(Supplied information):
.....

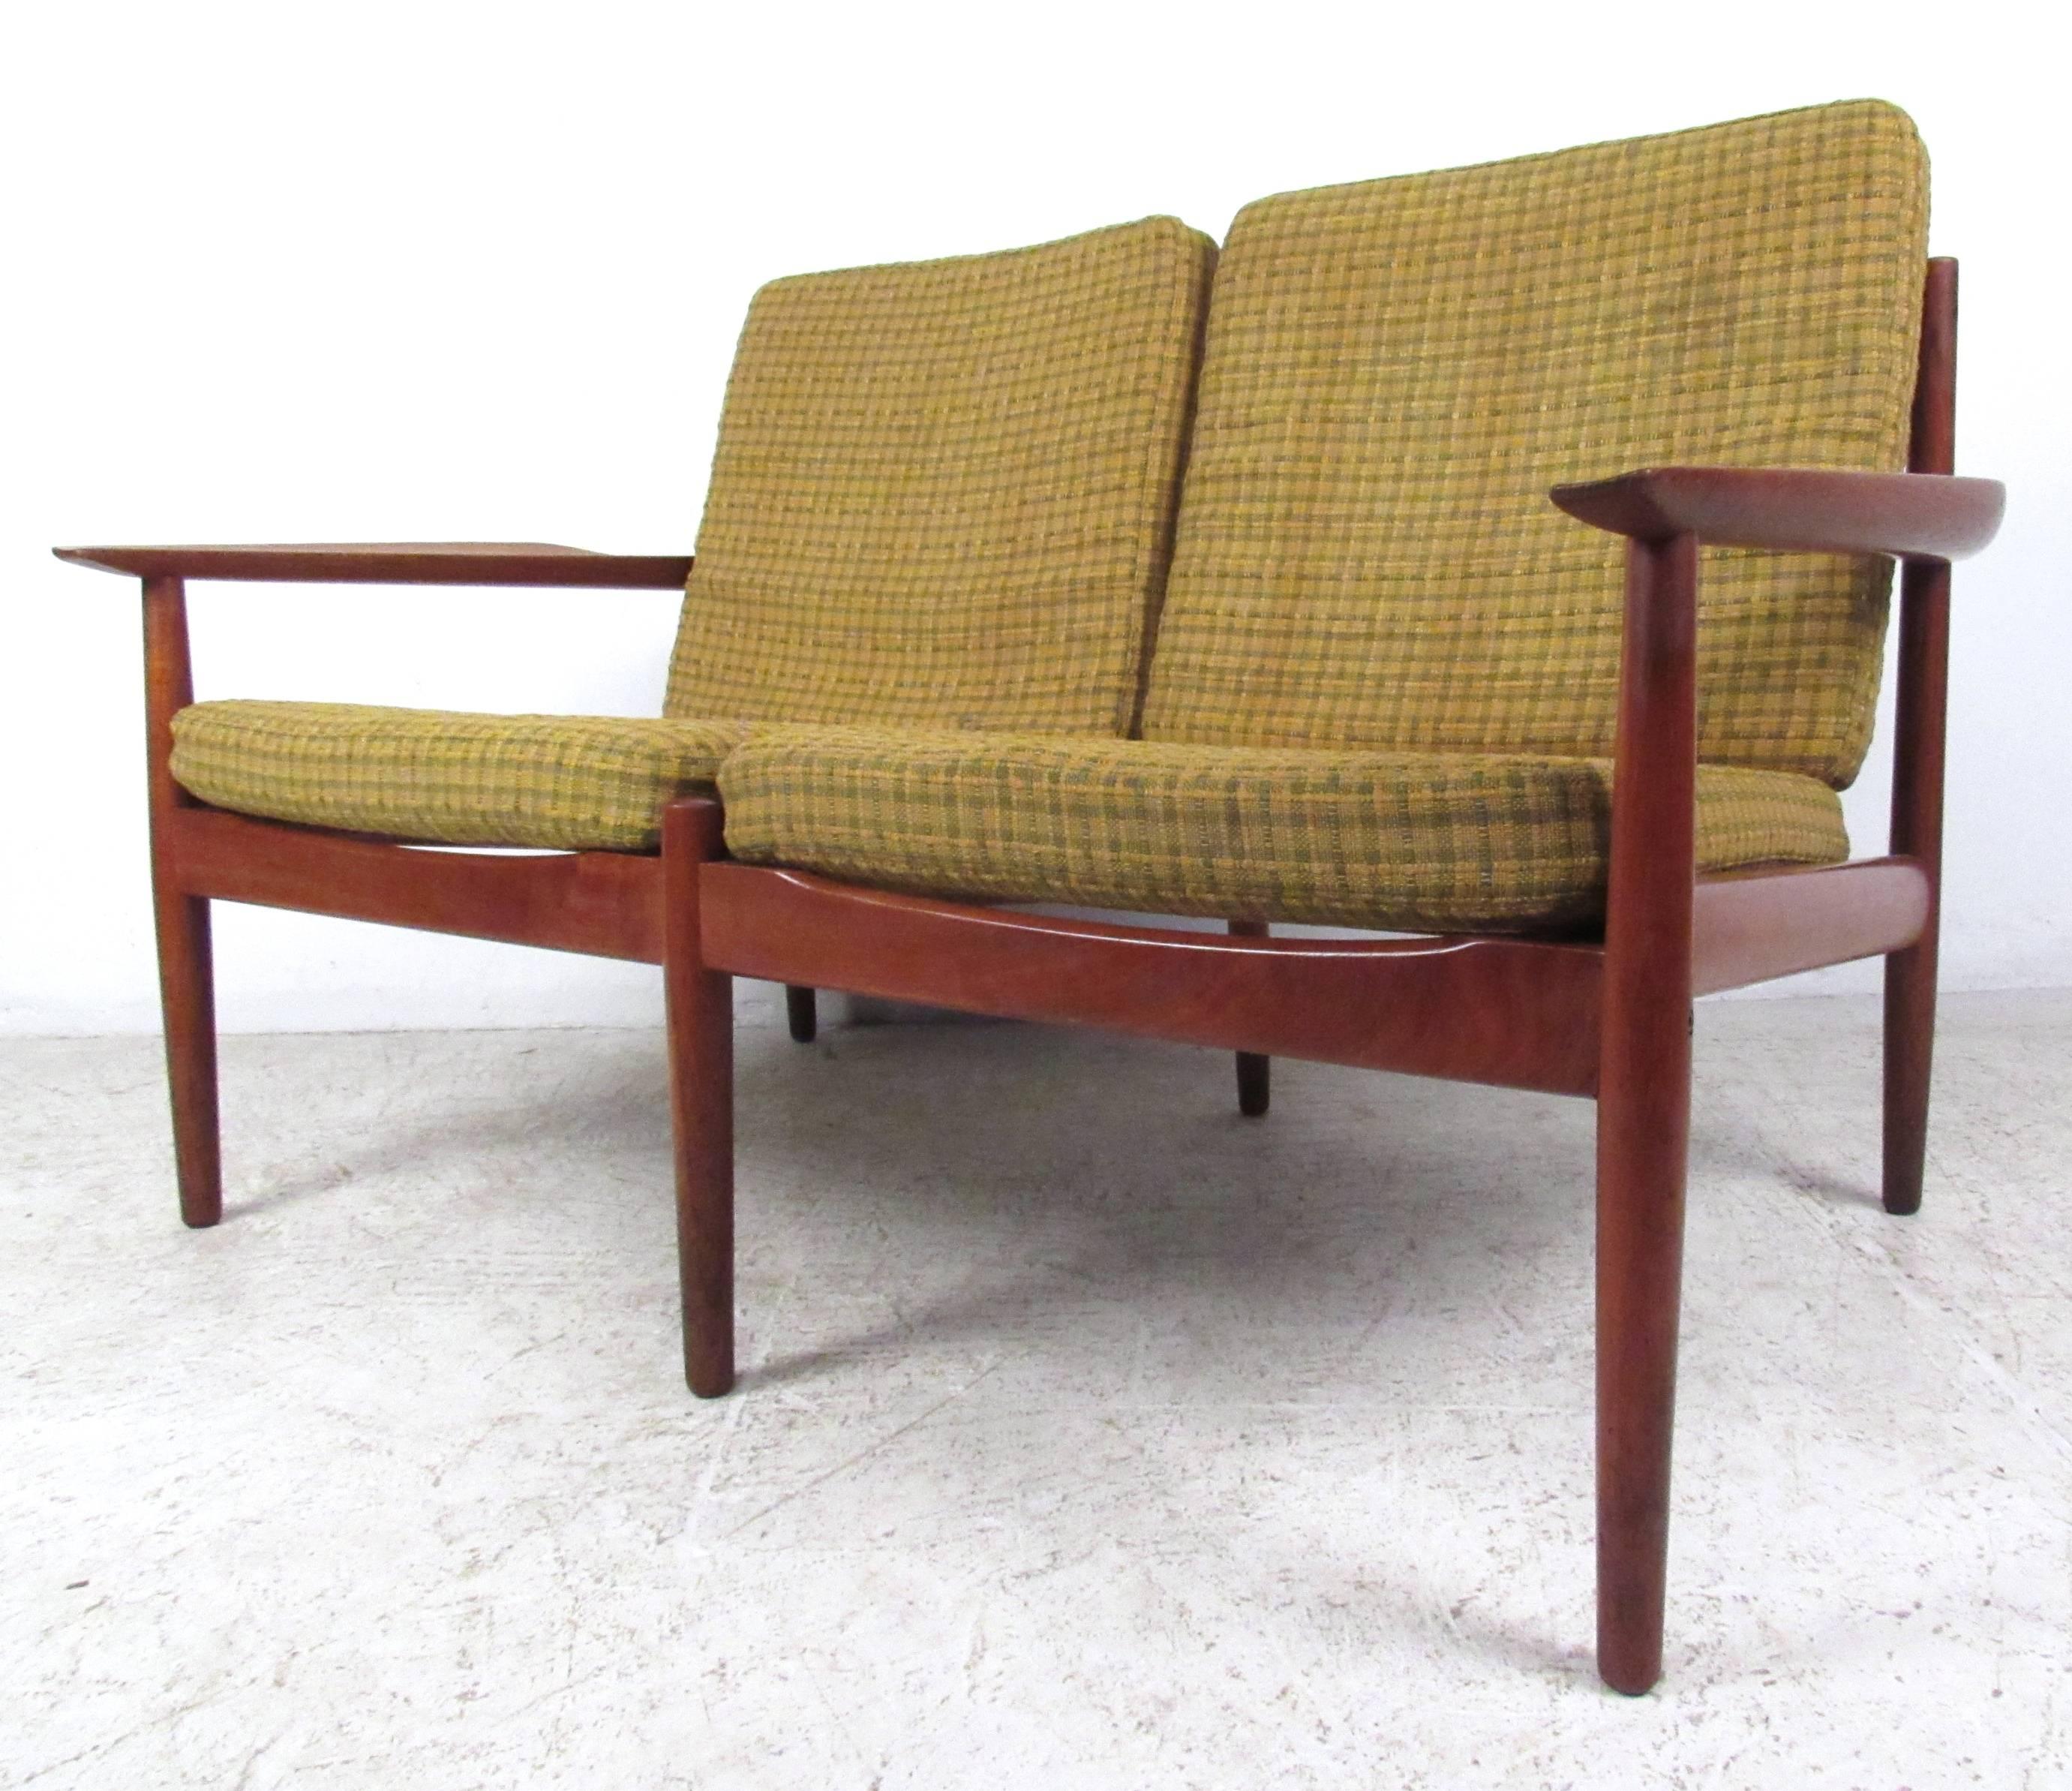 This Danish vintage two-seat offers a stylish teak finish with a uniquely sized two-seat settee. By Arne Vodder, this seating option is perfect for home or office setting. Please confirm item location (NY or NJ).
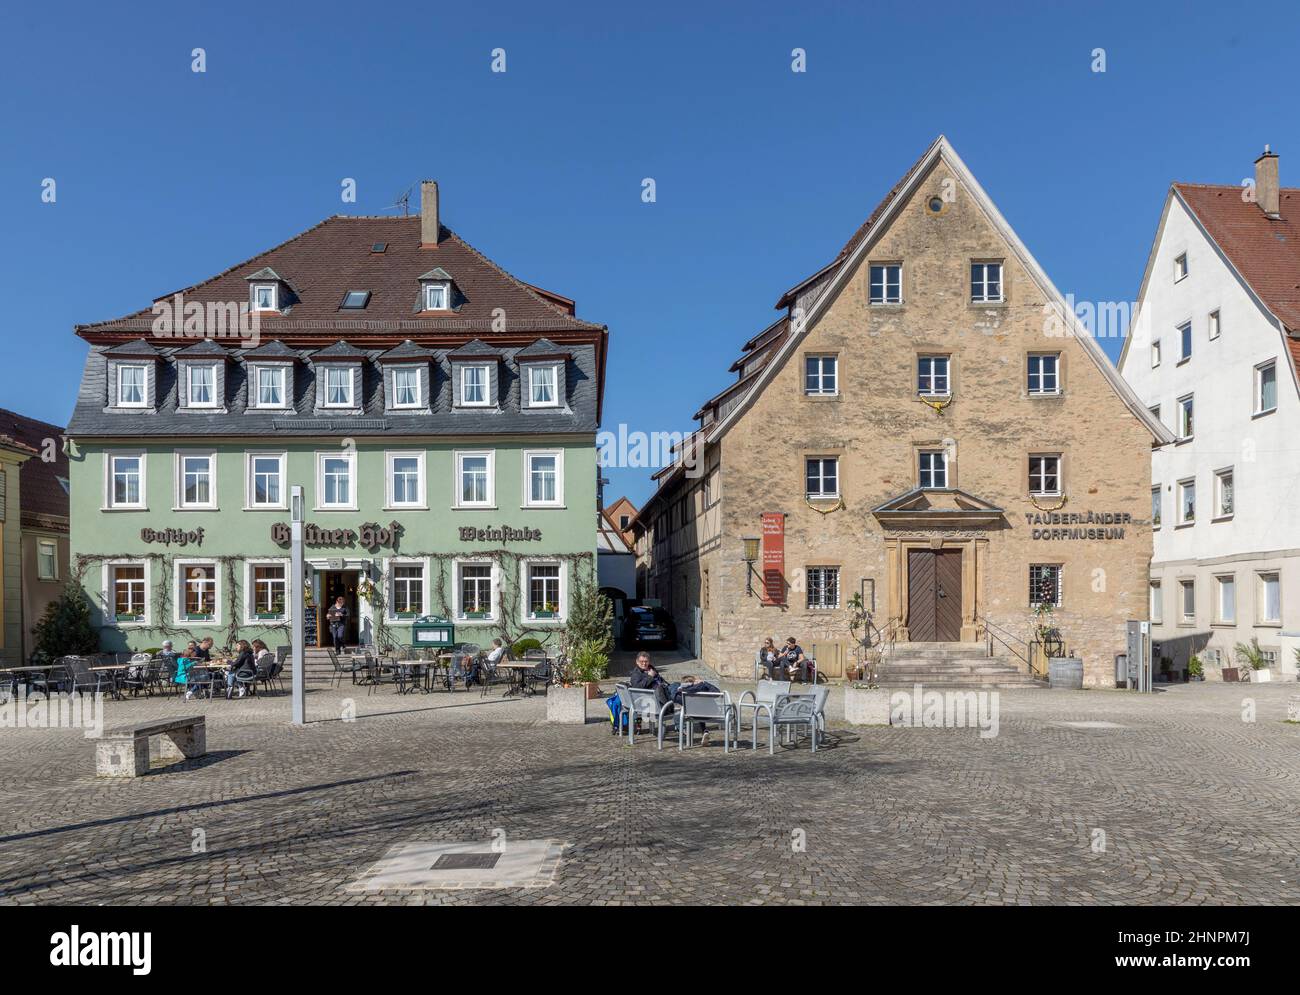 tourists relax at the town central square of Weikersheim along the romantic road Stock Photo
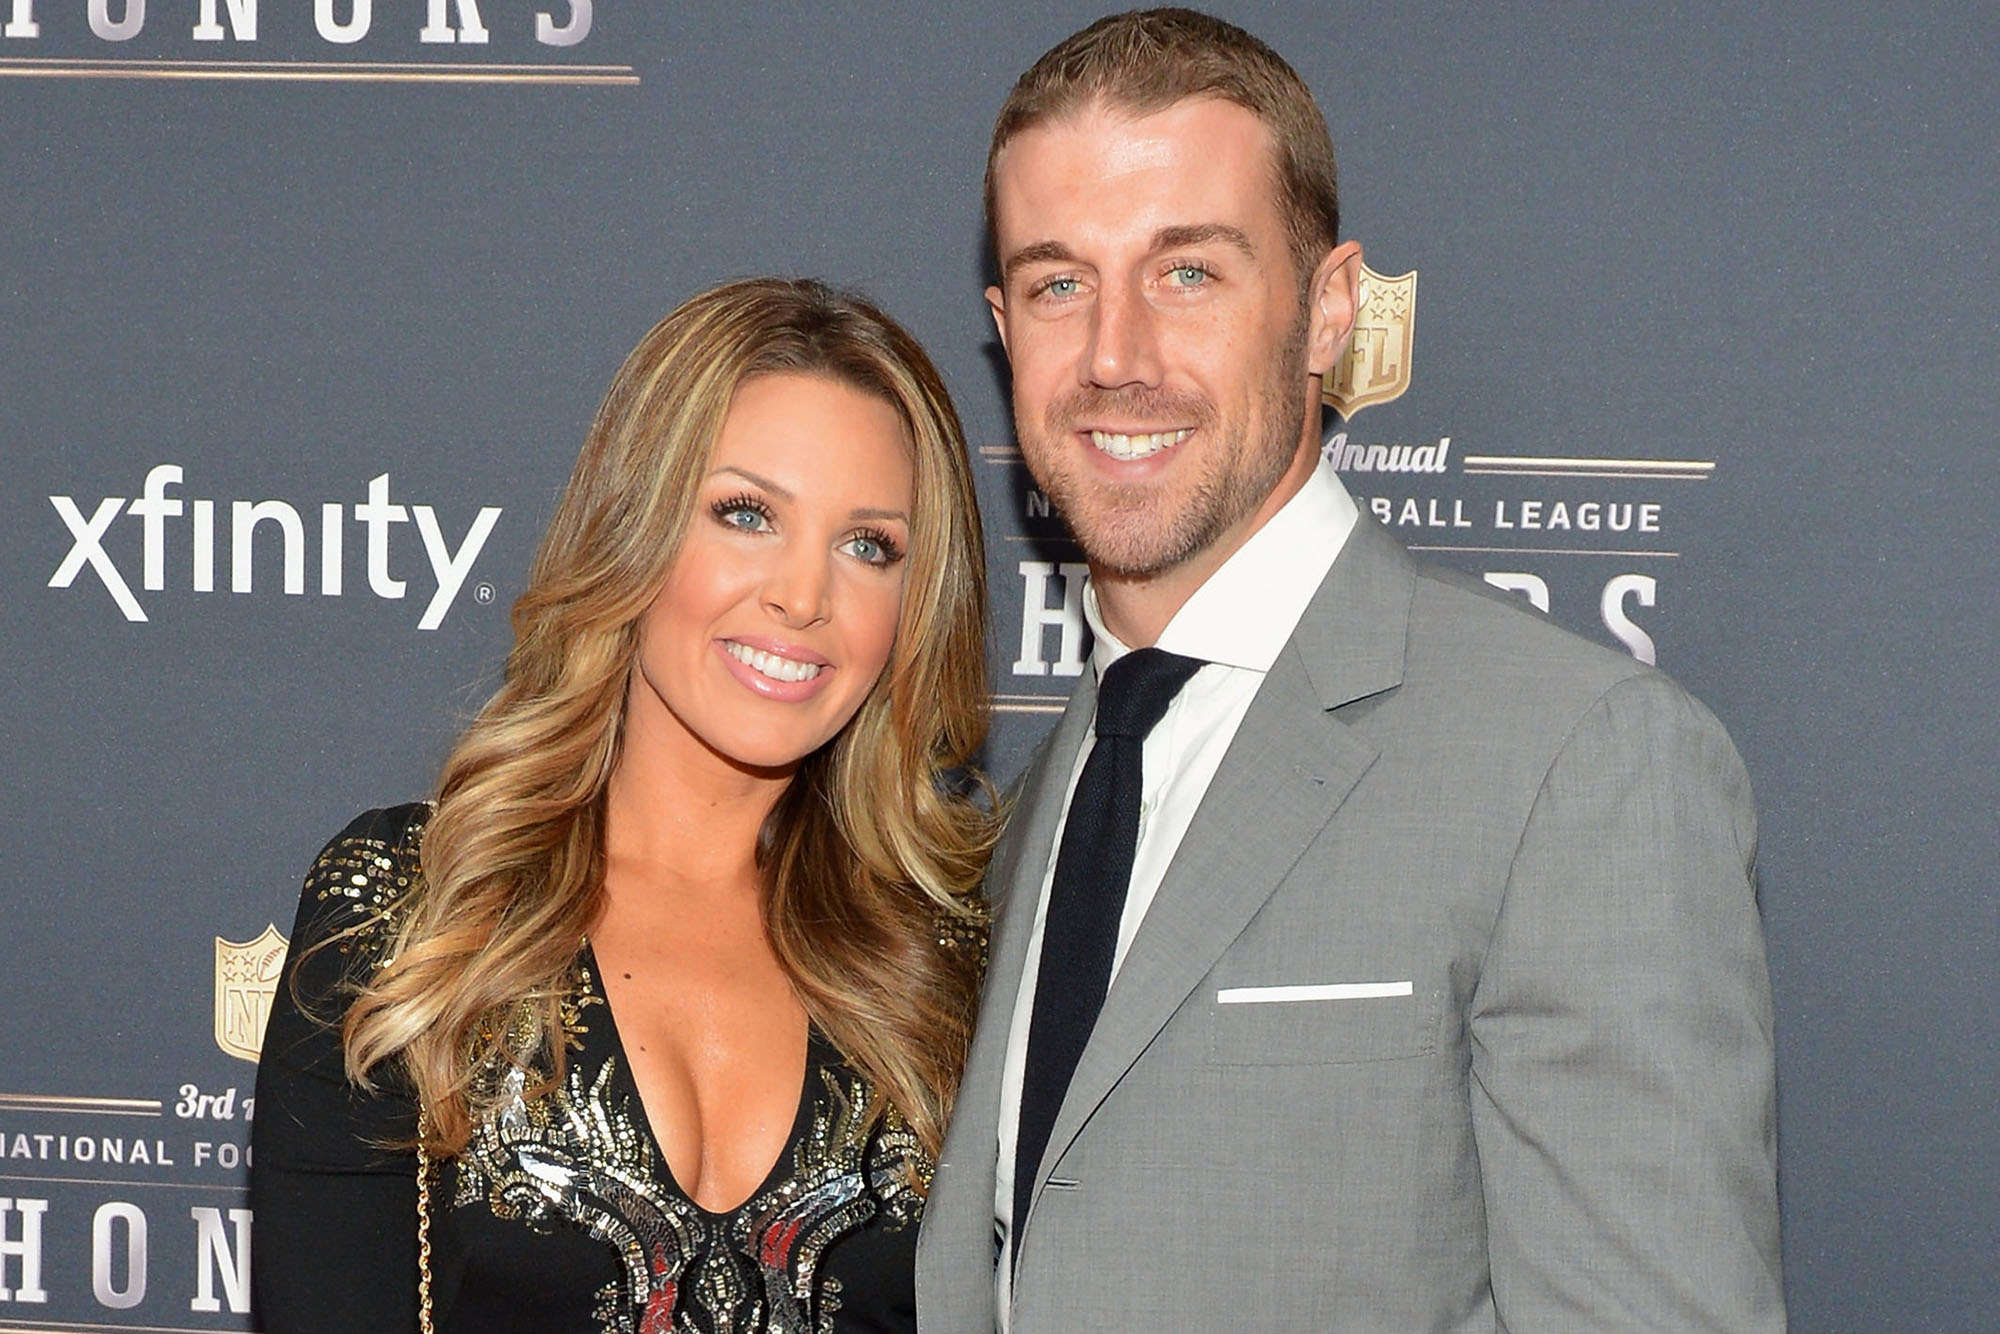 Alex Smith’s wife posts emotional video a year after gruesome injury

.....

(Task item): Each line above must be set down exactly, though no picture should be carried over.

(Your response):
 This Danish vintage two-seat offers a stylish teak finish with a uniquely sized two-seat settee. By Arne Vodder, this seating option is perfect for home or office setting. Please confirm item location (NY or NJ).
 tourists relax at the town central square of Weikersheim along the romantic road Stock Photo
 Alex Smith’s wife posts emotional video a year after gruesome injury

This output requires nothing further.